Quantitative easing in emerging market economies: Benefits, risks, and limitations

Central banks in emerging economies deployed asset purchases for the first time to respond to the Covid-19 shock. Initial studies have found quantitative easing reduced long-term bond yields in these economies without creating bouts of currency depreciation. This column argues that asset purchases ease financial conditions in emerging economies by curbing capital outflows enabled by stronger bank balance sheets upon the asset intermediation by the central bank. If asset purchases cause a de-anchoring in inflation expectations, their effectiveness diminishes. Counterfactual policy experiments reveal that bond yield reductions from asset purchases during the pandemic could have persisted only under large-sized programmes that are representative of advanced economies.

Local currency asset purchases by central banks in emerging market economies (EMEs) were deployed for the first time in these countries to respond to the Covid-19 shock. With a multifaceted pandemic shock, leading to a sharp reversal in global risk appetite, collapsing economic activity and global trade and declining commodity prices, quantitative easing (QE) policies in EMEs primarily aimed to (i) compensate for the bond sell-off by foreign investors; (ii) prevent surges in local benchmark bond yields; and (iii) communicate that central banks were ready to purchase their respective sovereign’s assets should the anticipation of a large fiscal expansion undermine investor confidence (Arslan et al. 2020, Hartley and Rebucci 2020, and IMF 2020). A major scepticism among observers towards this policy implementation in EMEs concerns de-anchoring of inflation expectations and increases in exchange rate volatility.

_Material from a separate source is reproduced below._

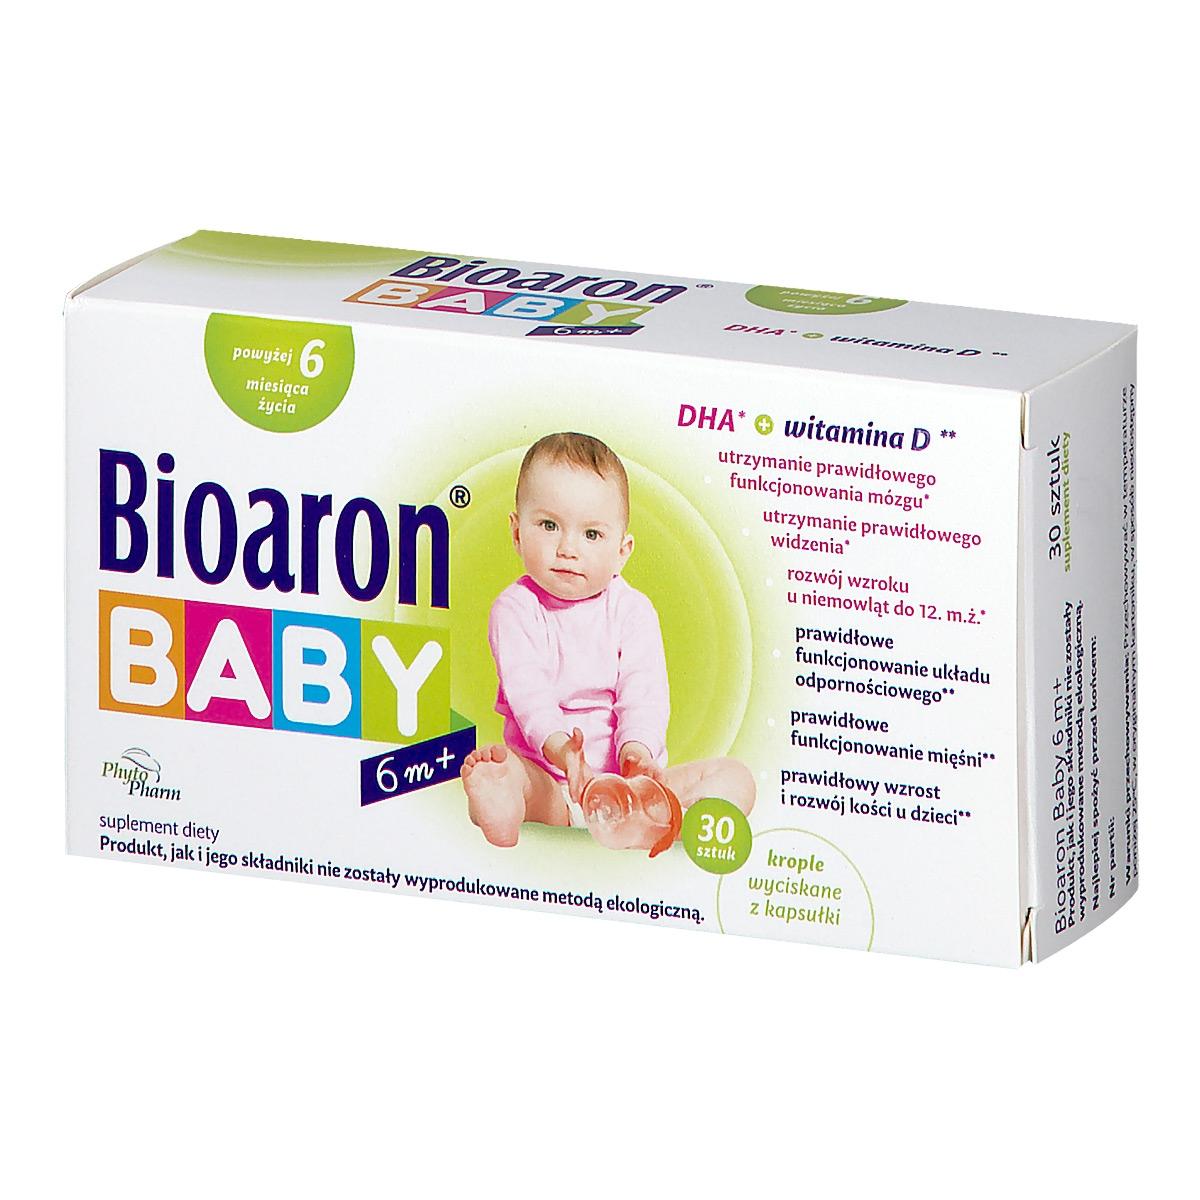 Image of Bioaron baby od 6 m-ca krople wyciskane z kapsułki

A small open economy model with financial sector and sovereign borrowing

In order to quantitatively investigate the efficacy of QE policies in EMEs, we extend the medium-scale New Keynesian small open economy model with financial sector by Mimir and Sunel (2018) to an environment with local currency and long-term government debt and asset purchase policies (Mimir and Sunel 2021). The model is standard in the demand and production side with a single tradable consumption good, aggregating home and foreign goods. Intermediate goods producers use capital and labour and determine the nominal price of their good in a monopolistically competitive market subject to menu costs.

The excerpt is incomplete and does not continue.